In 2007, Joseph E. Stiglitz, a Nobel Prize-winning economist, wrote in Vanity Fair about the gloom to come and where the blame for it should be placed.
"When we look back someday at the catastrophe that was the Bush administration, we will think of many things: the tragedy of the Iraq war, the shame of Guantanamo and Abu Ghraib, the erosion of civil liberties. The damage done to the American economy does not make front-page headlines every day, but the repercussions will be felt beyond the lifetime of anyone reading this page."
That was written before the burst of the housing bubble and the economic meltdown that in large part can be traced to the deregulation of financial markets. The Great Recession had not yet begun, but the writing was on the wall, and all the print was in red ink.
Stiglitz offered this analysis of the situation at the time: "... a tax code that has become hideously biased in favor of the rich, a national debt that will probably have grown by 70 percent by the time this president leaves Washington; a swelling cascade of mortgage defaults; a record near-$850 billion trade deficit ..."
George W. Bush came into office the beneficiary of Clinton administration economic policies that resulted in a federal budget surplus. After decades of deficit spending that began to balloon during the Reagan years, a centerpiece of the 2000 presidential campaign was the debate over how to spend an anticipated $2.2 trillion budget surplus.
Instead of retaining the policies that created that surplus, Bush — after losing the popular vote and taking office by virtue of a decision from a Supreme Court where conservatives held the majority — and a Republican Congress pushed through tax cuts that largely benefited the rich.
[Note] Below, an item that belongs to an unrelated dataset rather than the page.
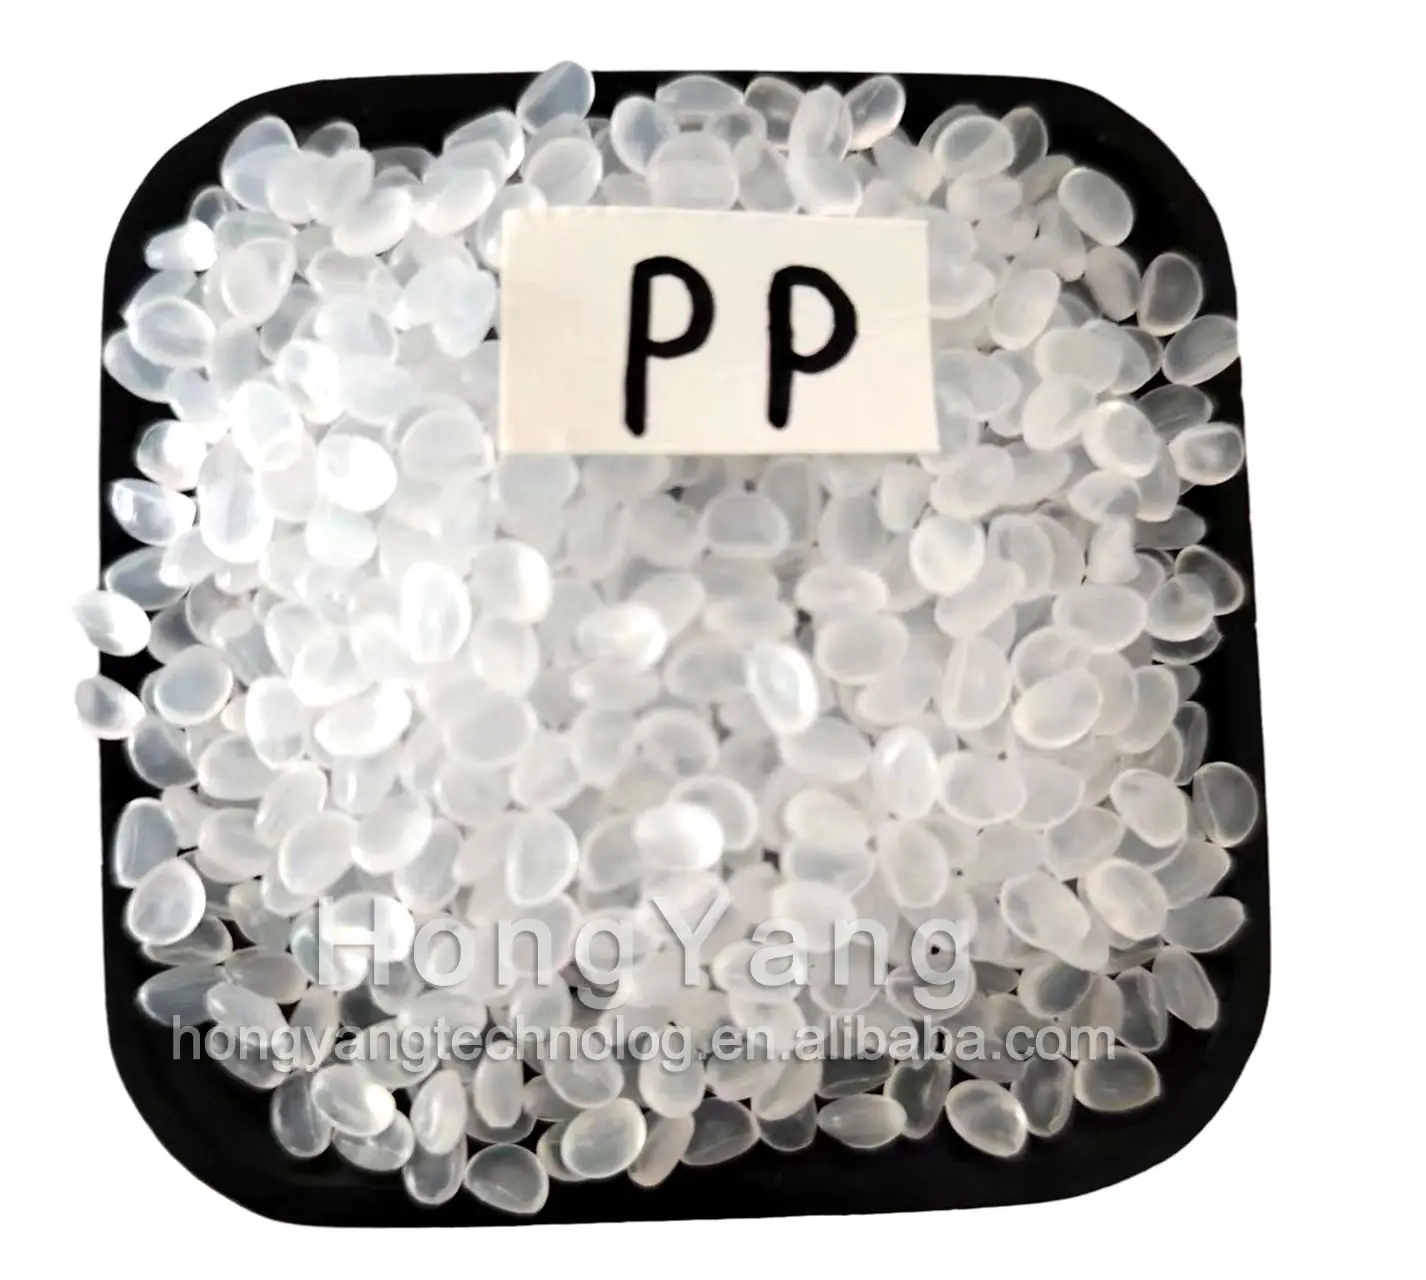 เม็ดพลาสติก PP โพรพิลีนรีไซเคิลสีธรรมชาติ

According to Stiglitz, those with incomes of more than $1 million received a tax break more than 30 times larger than that received by the average American.
Instead of reducing the amount of money America owed, as he promised his approach would, Bush and his tax policies "directly added $2.5 trillion to the national debt in the full 10 years they have been law," according to the left-leaning Center for American Progress (CAP).
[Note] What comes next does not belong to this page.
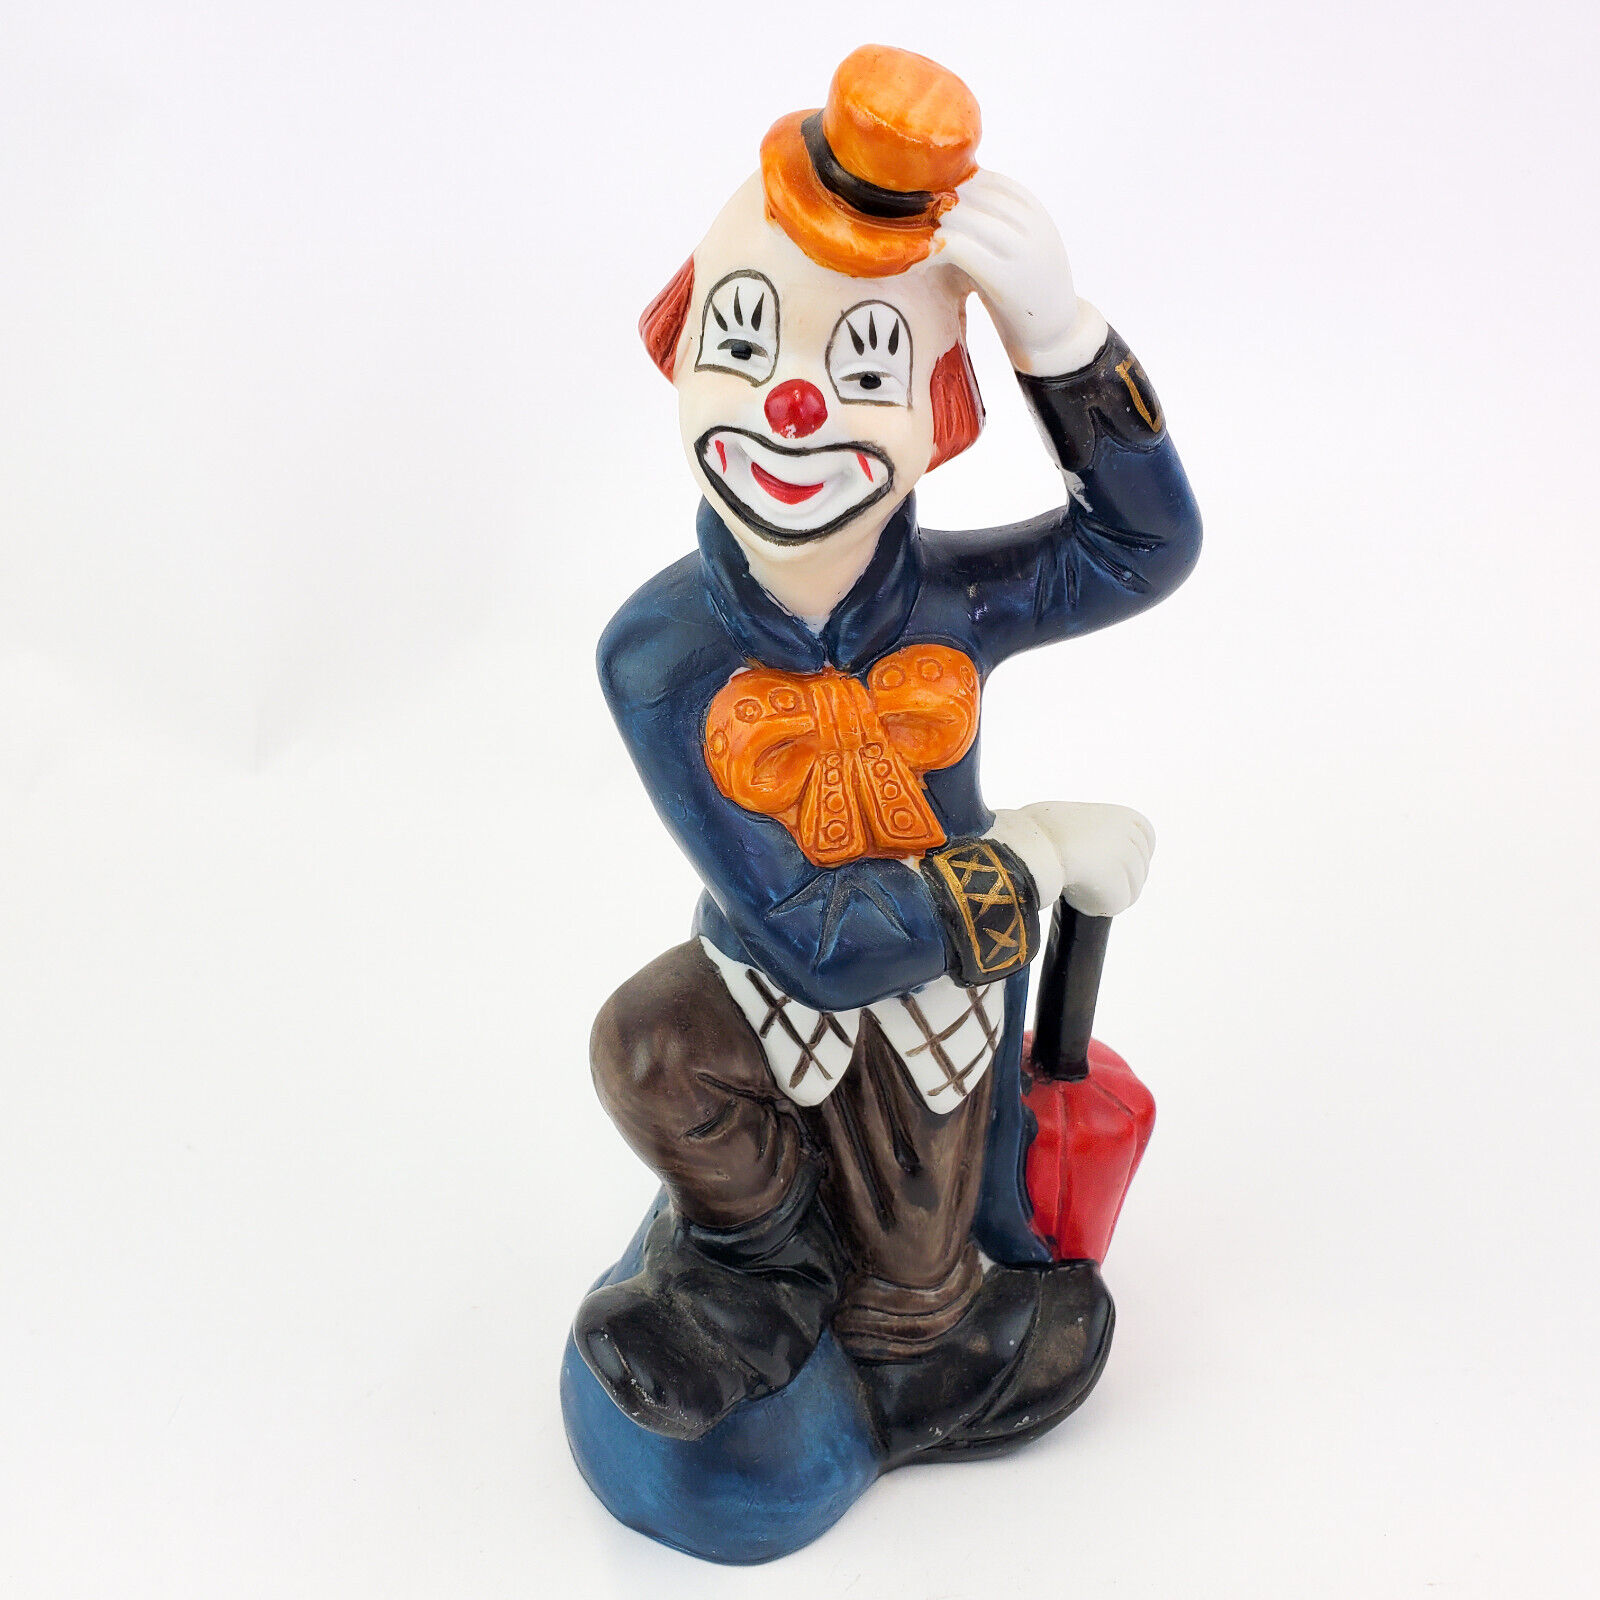 UOGC Taiwan Ceramic Hand Painted Clown Figurine Umbrella Hat Vintage Circus

Now, the consequences of the Bush years are staring us in the face. The consequences of massive tax cuts for the rich. The consequences of launching two wars paid for with a credit card. The consequences of deregulating Wall Street.
As if that weren't enough, instead of allowing those Bush-era tax cuts to expire for the nation's wealthiest, conservatives in Congress were able use the threat of ending unemployment benefits to the long-term jobless to successfully blackmail President Barack Obama into agreeing to let the wealthy continue to wallow in their spoils for at least two more years.
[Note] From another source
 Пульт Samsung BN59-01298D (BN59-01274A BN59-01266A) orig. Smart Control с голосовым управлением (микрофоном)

The cost of extending those tax cuts for the richest 2 percent of Americans over the next two years is $80 billion, according to CAP.
It is astounding, really, that so many Americans continue to swallow this crap.
And now we have the deficit hawks — led by the Tea Party — going full-throttle. We don't know where their heads were stuck while Bush was in charge, busting the national bank. But with control of the House and the ability to block progress in the Senate, they have Obama with his back to the wall.
And so we have the proposed budget the president announced during an appearance at a Maryland middle school on Monday. The symbolism of that setting was meant to convey Obama's determination to keep investing in the future: education, infrastructure and clean energy initiatives.
But, along with those common-sense efforts — which are needed if we are going to have any kind of hope for this nation's future — there are appalling cuts.
Asking how "President Obama's $3.73 trillion budget proposal, which has as its takeaway line a promise to reduce deficits by $1.1 trillion over the next decade" fares when put to what he calls a "moral test," John Nichols, the Washington correspondent for The Nation, points out how the president proposes to:
• Cut $2.5 billion in heating assistance for low-income people.
• Cut $350 million from Community Development Block Grants.
• Save $100 billion over 10 years by eliminating Pell Grants for needy students who want to take summer classes in order to finish their degrees sooner while allowing interest on graduate school loans to begin building up as students are still in school, meaning that the costs of getting an education will rise dramatically.
• Undermine an essential environmental initiative by cutting a quarter of the funding for the multi-state Great Lakes clean-up project. This project is especially important to so-called "rust-belt" cities, where unaddressed pollution problems invariably pose the most serious health and safety threats to low-income and working-class neighborhoods.
And what is the conservative response?
"The president's budget is the clearest sign yet he simply does not take our fiscal problems seriously," Mitch McConnell, the Senate's top Republican, said. "It is a patronizing plan that says to the American people that their concerns are not his concerns. It's a plan that says fulfilling the president's vision of a future of trains and windmills is more important than a balanced checkbook."
No. The problem is that the primary concern for Republicans, as demonstrated by Bush a decade ago and demonstrated yet again last year when the conservatives in Congress forced an extension of Bush's tax cuts, is to keep ensuring that the pockets of this country's wealthiest citizens — the ones who don't have to worry about keeping their heat on in the winter or being able to afford to send their kids to college — remain well-lined.
Those who will really be getting it, however, are the vast majority of Americans occupying the middle and lower economic classes, the ones who have already suffered much these past two years. They'll be getting it more, and getting it harder.
Bend over and get ready. This is going to hurt.